(Extracted data entries)

"""

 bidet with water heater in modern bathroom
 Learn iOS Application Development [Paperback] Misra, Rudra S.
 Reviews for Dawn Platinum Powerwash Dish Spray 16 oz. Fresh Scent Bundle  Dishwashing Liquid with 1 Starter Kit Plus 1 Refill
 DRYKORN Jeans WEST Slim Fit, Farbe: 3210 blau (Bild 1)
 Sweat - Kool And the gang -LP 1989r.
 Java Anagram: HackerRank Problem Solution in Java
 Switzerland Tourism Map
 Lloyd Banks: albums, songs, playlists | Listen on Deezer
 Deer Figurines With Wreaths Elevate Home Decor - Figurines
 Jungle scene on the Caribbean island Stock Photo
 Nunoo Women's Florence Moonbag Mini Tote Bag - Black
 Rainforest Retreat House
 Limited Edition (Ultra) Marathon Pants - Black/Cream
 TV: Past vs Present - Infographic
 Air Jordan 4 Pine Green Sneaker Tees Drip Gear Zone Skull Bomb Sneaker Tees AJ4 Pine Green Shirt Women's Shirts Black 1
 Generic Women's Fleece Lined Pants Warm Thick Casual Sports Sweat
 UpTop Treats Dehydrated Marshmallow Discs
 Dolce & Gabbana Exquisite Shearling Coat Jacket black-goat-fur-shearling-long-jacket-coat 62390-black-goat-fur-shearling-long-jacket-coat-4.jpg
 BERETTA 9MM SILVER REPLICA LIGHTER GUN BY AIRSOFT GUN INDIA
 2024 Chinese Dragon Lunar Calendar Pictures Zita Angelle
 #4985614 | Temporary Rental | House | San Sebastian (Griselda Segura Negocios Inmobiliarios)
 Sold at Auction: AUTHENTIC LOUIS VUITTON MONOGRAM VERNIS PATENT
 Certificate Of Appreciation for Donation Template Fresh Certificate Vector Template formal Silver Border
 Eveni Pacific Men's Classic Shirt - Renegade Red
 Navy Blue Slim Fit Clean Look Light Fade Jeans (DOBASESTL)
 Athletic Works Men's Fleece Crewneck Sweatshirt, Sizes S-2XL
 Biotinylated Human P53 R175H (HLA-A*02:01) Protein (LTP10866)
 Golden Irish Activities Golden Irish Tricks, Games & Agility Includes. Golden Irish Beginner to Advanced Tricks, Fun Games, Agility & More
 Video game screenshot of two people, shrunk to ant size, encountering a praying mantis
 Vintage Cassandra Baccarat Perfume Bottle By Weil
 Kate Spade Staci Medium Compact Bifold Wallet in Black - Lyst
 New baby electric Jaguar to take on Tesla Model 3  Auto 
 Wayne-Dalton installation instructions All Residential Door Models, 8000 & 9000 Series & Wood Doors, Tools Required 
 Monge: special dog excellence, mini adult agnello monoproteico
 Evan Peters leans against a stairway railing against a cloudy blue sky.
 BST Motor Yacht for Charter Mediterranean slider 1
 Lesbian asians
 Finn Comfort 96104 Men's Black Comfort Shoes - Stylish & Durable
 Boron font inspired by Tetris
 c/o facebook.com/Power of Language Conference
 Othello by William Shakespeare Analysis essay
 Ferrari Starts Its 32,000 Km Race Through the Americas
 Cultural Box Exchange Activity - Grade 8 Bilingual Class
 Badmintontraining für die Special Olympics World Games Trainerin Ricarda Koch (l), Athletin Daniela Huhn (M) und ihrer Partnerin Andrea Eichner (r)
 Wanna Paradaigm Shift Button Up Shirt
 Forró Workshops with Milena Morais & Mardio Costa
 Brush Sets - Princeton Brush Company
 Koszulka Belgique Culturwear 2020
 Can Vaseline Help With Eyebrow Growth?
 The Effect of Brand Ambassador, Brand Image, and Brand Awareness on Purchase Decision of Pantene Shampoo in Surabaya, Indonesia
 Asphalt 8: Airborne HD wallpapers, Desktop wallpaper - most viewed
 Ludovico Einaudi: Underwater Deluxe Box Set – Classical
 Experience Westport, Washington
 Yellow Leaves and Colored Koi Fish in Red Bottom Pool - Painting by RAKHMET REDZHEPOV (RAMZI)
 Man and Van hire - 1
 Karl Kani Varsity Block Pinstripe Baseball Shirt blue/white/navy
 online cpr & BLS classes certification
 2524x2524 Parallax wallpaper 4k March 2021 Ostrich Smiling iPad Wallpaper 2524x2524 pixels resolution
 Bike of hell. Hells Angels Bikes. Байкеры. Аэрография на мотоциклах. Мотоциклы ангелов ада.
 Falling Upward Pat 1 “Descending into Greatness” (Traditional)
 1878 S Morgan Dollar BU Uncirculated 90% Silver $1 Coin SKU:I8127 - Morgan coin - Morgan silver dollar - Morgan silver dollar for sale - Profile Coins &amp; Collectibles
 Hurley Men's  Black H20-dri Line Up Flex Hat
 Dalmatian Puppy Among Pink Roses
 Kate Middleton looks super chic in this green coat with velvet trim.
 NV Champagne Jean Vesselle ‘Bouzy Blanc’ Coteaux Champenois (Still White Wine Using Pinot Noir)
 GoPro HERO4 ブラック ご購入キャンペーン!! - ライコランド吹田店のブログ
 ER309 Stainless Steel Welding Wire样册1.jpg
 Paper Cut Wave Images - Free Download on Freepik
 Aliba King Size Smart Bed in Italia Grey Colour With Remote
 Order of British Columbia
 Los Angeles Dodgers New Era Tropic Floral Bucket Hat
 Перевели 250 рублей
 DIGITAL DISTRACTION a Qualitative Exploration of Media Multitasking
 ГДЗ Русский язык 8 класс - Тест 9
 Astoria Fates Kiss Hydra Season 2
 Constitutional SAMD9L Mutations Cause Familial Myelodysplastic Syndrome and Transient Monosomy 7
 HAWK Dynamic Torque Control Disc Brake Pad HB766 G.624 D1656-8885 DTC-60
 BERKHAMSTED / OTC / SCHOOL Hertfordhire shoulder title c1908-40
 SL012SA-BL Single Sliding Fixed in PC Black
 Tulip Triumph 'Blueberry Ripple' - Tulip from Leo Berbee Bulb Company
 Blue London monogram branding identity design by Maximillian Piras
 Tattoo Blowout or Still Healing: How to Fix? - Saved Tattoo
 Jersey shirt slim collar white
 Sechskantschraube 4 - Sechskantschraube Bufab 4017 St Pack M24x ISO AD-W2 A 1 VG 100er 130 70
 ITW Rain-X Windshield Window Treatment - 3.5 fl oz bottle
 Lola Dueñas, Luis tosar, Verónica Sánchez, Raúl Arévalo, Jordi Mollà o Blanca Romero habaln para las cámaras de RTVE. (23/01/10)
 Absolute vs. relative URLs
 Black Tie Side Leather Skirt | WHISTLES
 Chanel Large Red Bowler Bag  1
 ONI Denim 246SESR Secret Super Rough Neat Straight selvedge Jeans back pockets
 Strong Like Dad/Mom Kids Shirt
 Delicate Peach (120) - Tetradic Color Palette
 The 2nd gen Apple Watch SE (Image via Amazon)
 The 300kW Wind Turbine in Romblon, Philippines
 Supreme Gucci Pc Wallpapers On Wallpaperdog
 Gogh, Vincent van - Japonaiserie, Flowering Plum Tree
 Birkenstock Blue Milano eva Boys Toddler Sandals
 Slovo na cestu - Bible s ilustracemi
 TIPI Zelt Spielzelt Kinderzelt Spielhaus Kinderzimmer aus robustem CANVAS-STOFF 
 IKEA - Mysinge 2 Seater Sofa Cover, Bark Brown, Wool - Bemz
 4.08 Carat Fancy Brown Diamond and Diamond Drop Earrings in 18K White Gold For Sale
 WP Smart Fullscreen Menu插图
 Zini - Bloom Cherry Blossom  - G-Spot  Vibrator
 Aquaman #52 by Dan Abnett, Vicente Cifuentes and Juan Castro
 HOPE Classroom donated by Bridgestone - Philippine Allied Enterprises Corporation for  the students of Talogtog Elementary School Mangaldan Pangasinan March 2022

"""

▸ Activity:
Exact copies of the lines from the one holding "Sechskantschraube 4 - Sechskantschraube" to the end of the entries are all that should be written.

▸ Exercise output:
 Sechskantschraube 4 - Sechskantschraube Bufab 4017 St Pack M24x ISO AD-W2 A 1 VG 100er 130 70
 ITW Rain-X Windshield Window Treatment - 3.5 fl oz bottle
 Lola Dueñas, Luis tosar, Verónica Sánchez, Raúl Arévalo, Jordi Mollà o Blanca Romero habaln para las cámaras de RTVE. (23/01/10)
 Absolute vs. relative URLs
 Black Tie Side Leather Skirt | WHISTLES
 Chanel Large Red Bowler Bag  1
 ONI Denim 246SESR Secret Super Rough Neat Straight selvedge Jeans back pockets
 Strong Like Dad/Mom Kids Shirt
 Delicate Peach (120) - Tetradic Color Palette
 The 2nd gen Apple Watch SE (Image via Amazon)
 The 300kW Wind Turbine in Romblon, Philippines
 Supreme Gucci Pc Wallpapers On Wallpaperdog
 Gogh, Vincent van - Japonaiserie, Flowering Plum Tree
 Birkenstock Blue Milano eva Boys Toddler Sandals
 Slovo na cestu - Bible s ilustracemi
 TIPI Zelt Spielzelt Kinderzelt Spielhaus Kinderzimmer aus robustem CANVAS-STOFF 
 IKEA - Mysinge 2 Seater Sofa Cover, Bark Brown, Wool - Bemz
 4.08 Carat Fancy Brown Diamond and Diamond Drop Earrings in 18K White Gold For Sale
 WP Smart Fullscreen Menu插图
 Zini - Bloom Cherry Blossom  - G-Spot  Vibrator
 Aquaman #52 by Dan Abnett, Vicente Cifuentes and Juan Castro
 HOPE Classroom donated by Bridgestone - Philippine Allied Enterprises Corporation for  the students of Talogtog Elementary School Mangaldan Pangasinan March 2022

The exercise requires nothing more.